● ASSIGNMENT: Copy out the listing in full, exactly as written, but not its pictures.

+++ DATA PROVIDED +++

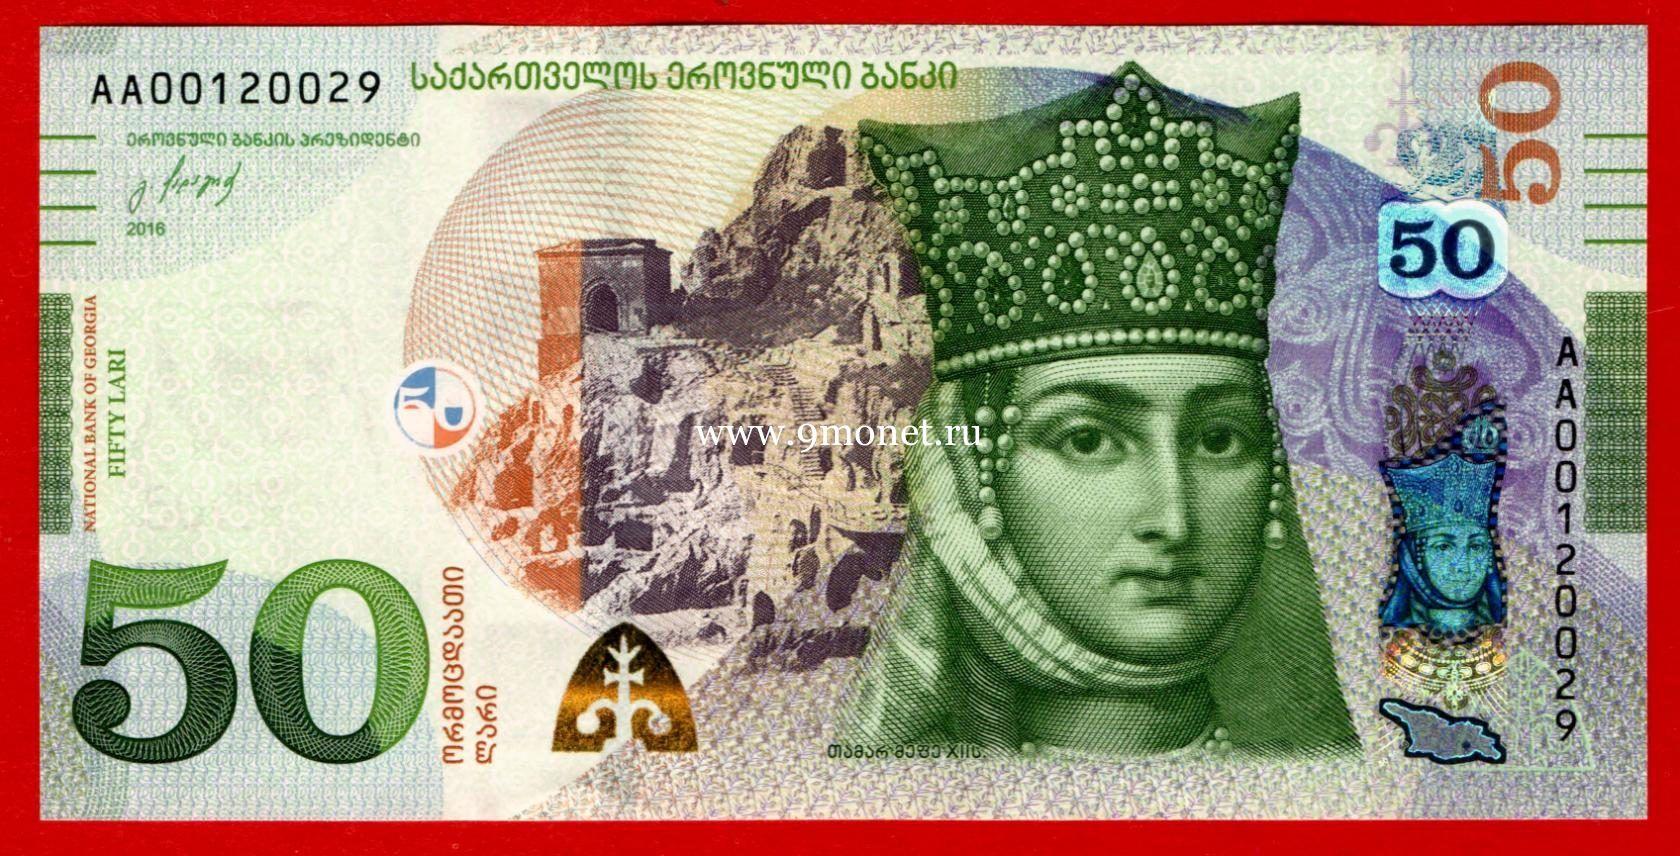 2016 год. Грузия. Банкнота 50 лари. UNC
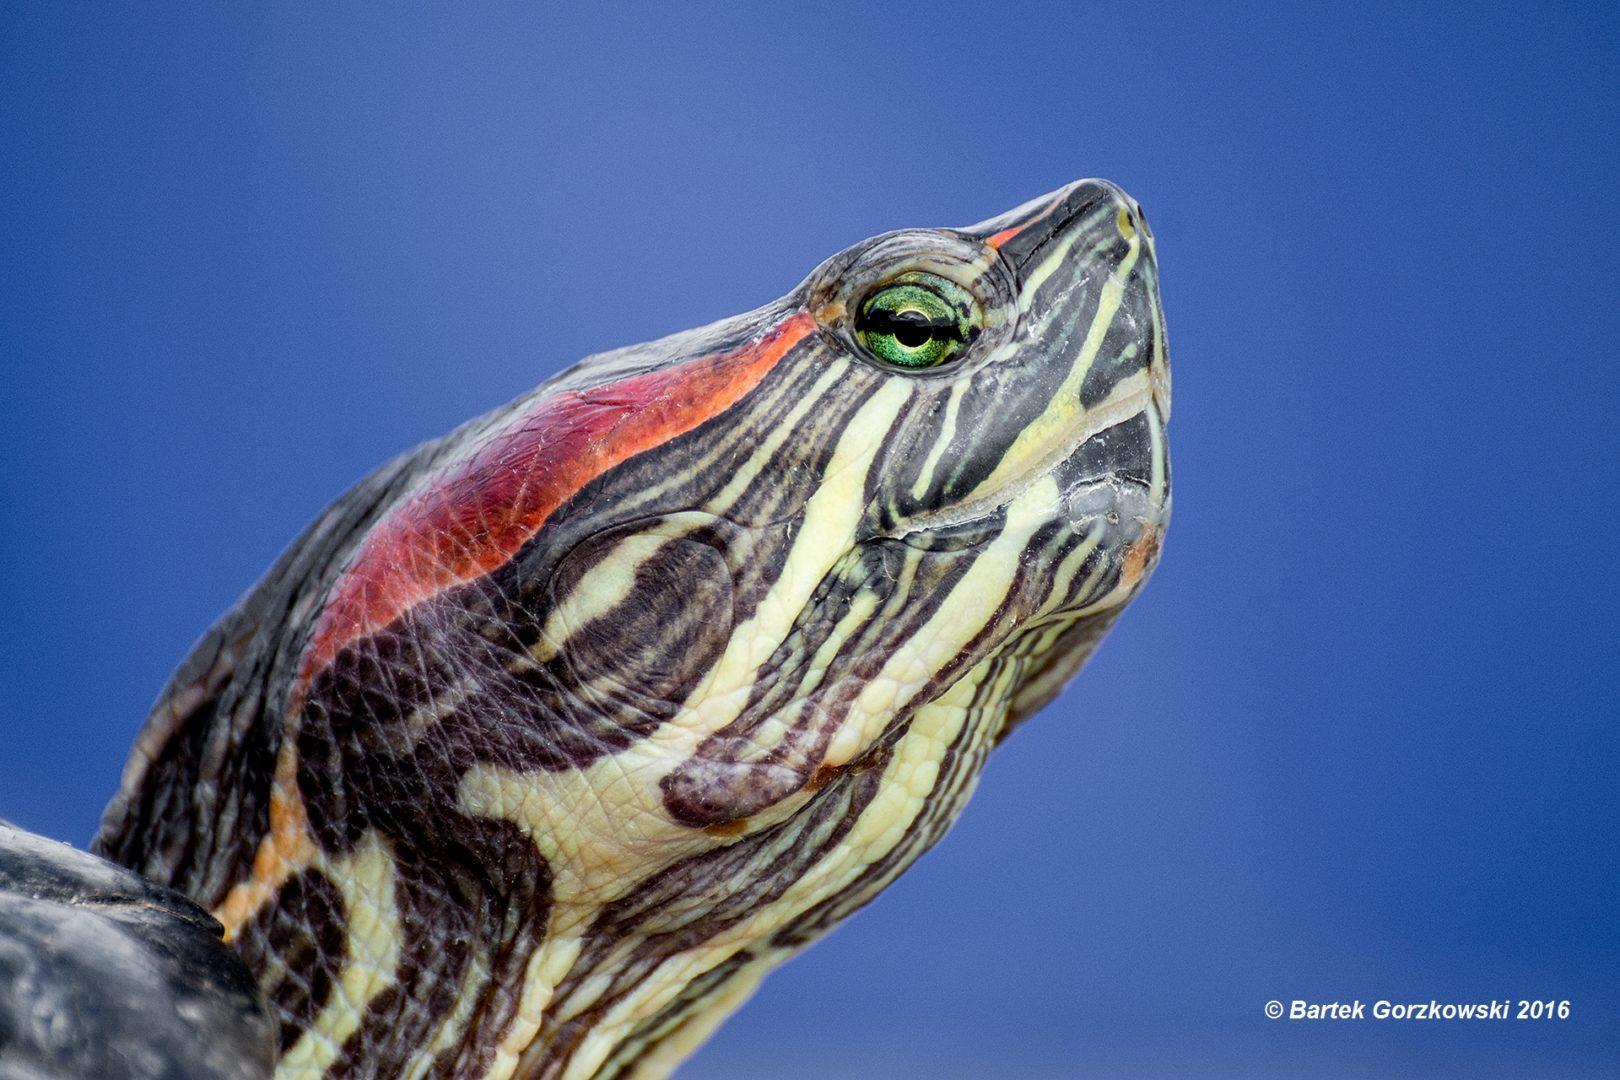 Żółw czerwonolicy (Trachemys scripta elegans) jest przedstawicielem żółwi wodno-lądowych
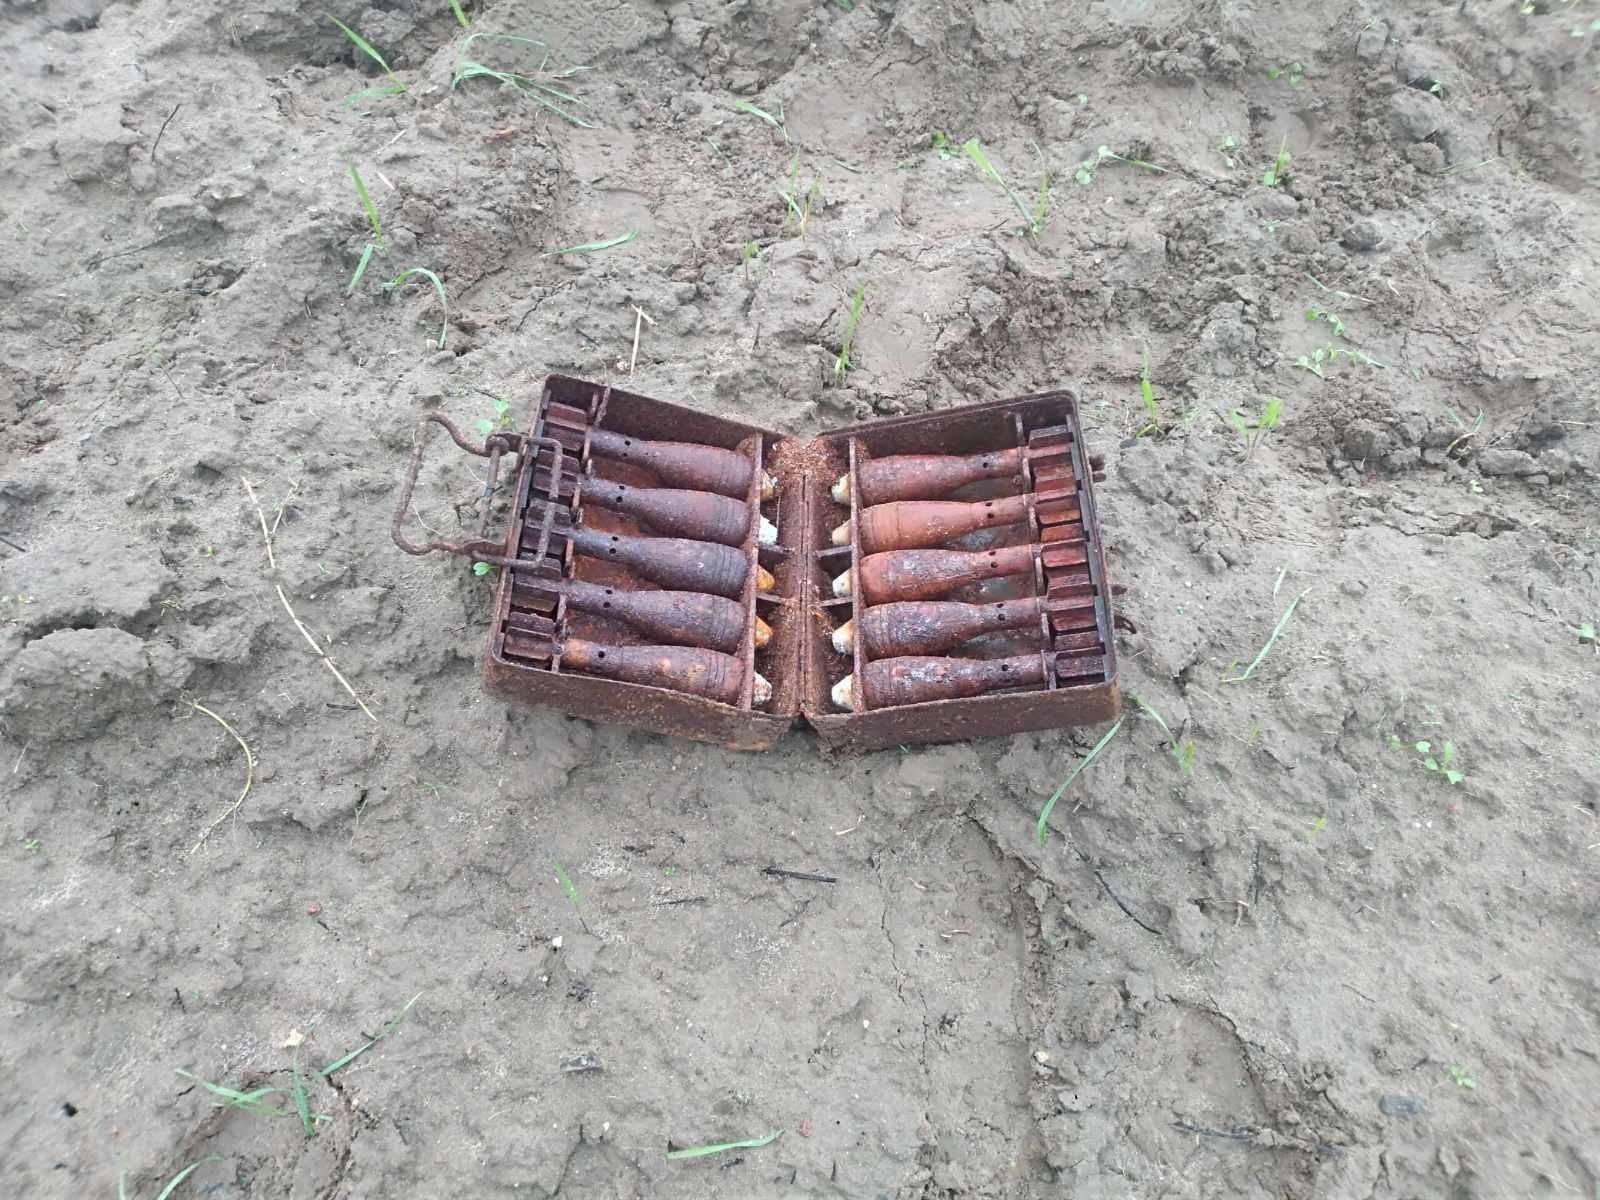 На Волині за тиждень виявили понад десяток старих боєприпасів

+++

● RESPONSE TO THIS EXERCISE:
 2016 год. Грузия. Банкнота 50 лари. UNC
 Żółw czerwonolicy (Trachemys scripta elegans) jest przedstawicielem żółwi wodno-lądowych
 На Волині за тиждень виявили понад десяток старих боєприпасів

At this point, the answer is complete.